**PROBLEM TO SOLVE:** Without the pictures, write out all the lines below exactly as they appear.

**SUPPLIED MATERIAL:**
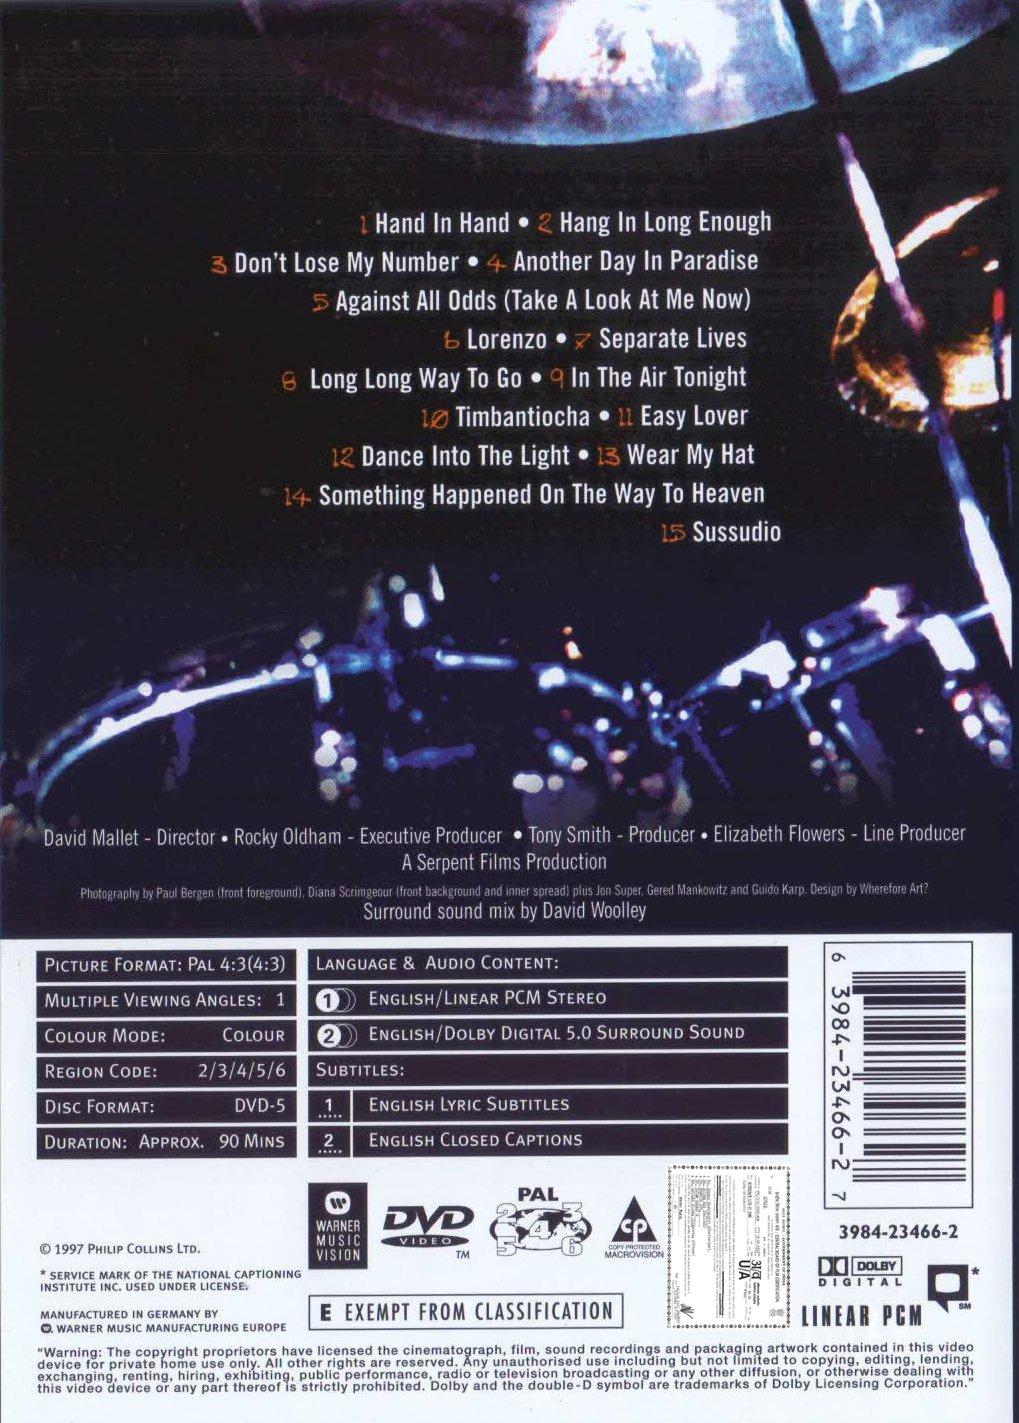 Phil Collins - Live & Loose in Paris by Warner Vision Uk
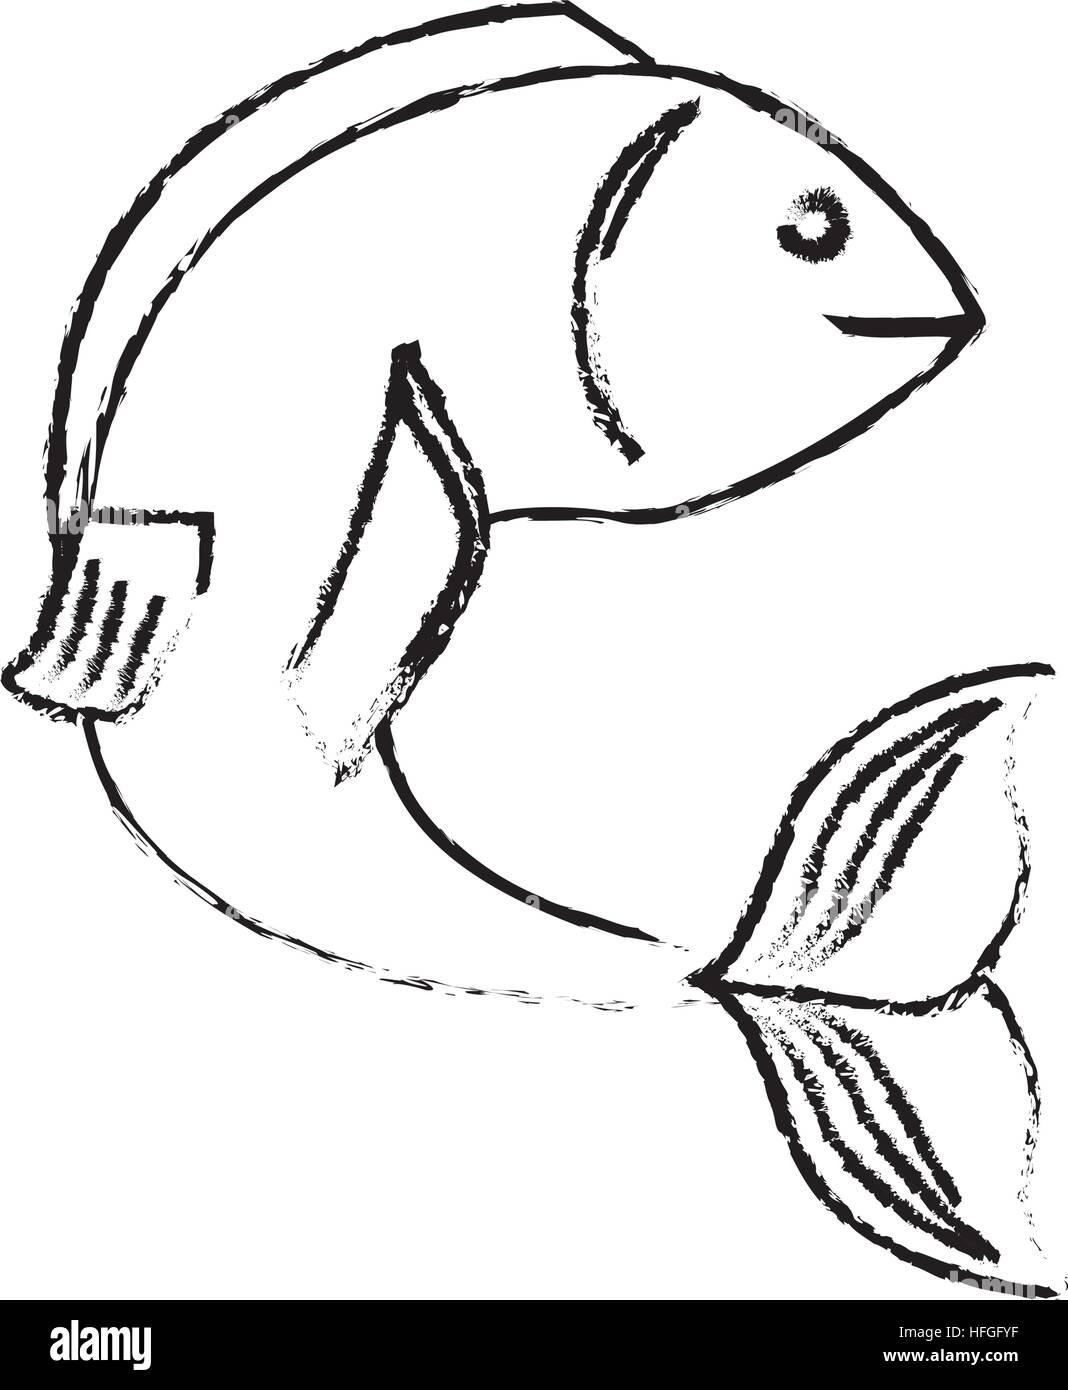 sea fish icon - Stock Image
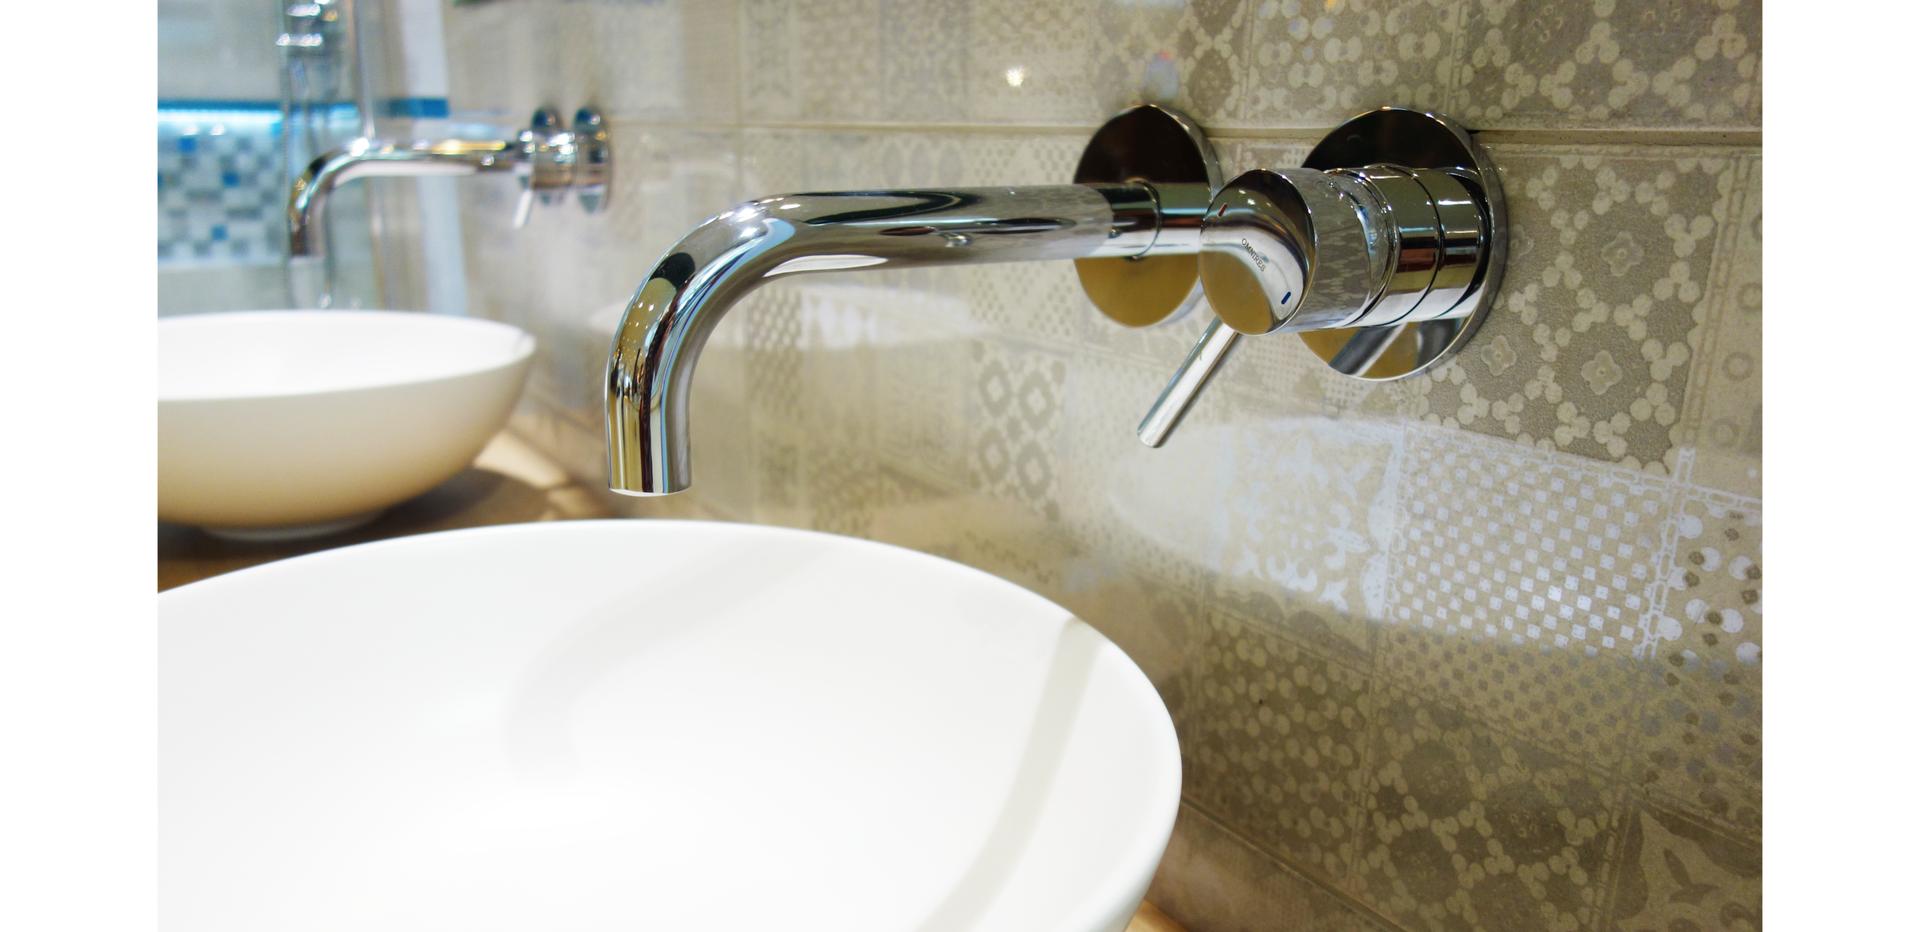 Ilustracja przedstawia baterię umywalkową ścienną jednouchwytową podtynkową.

**FINAL ANSWER:**
 Phil Collins - Live & Loose in Paris by Warner Vision Uk
 sea fish icon - Stock Image
 Ilustracja przedstawia baterię umywalkową ścienną jednouchwytową podtynkową.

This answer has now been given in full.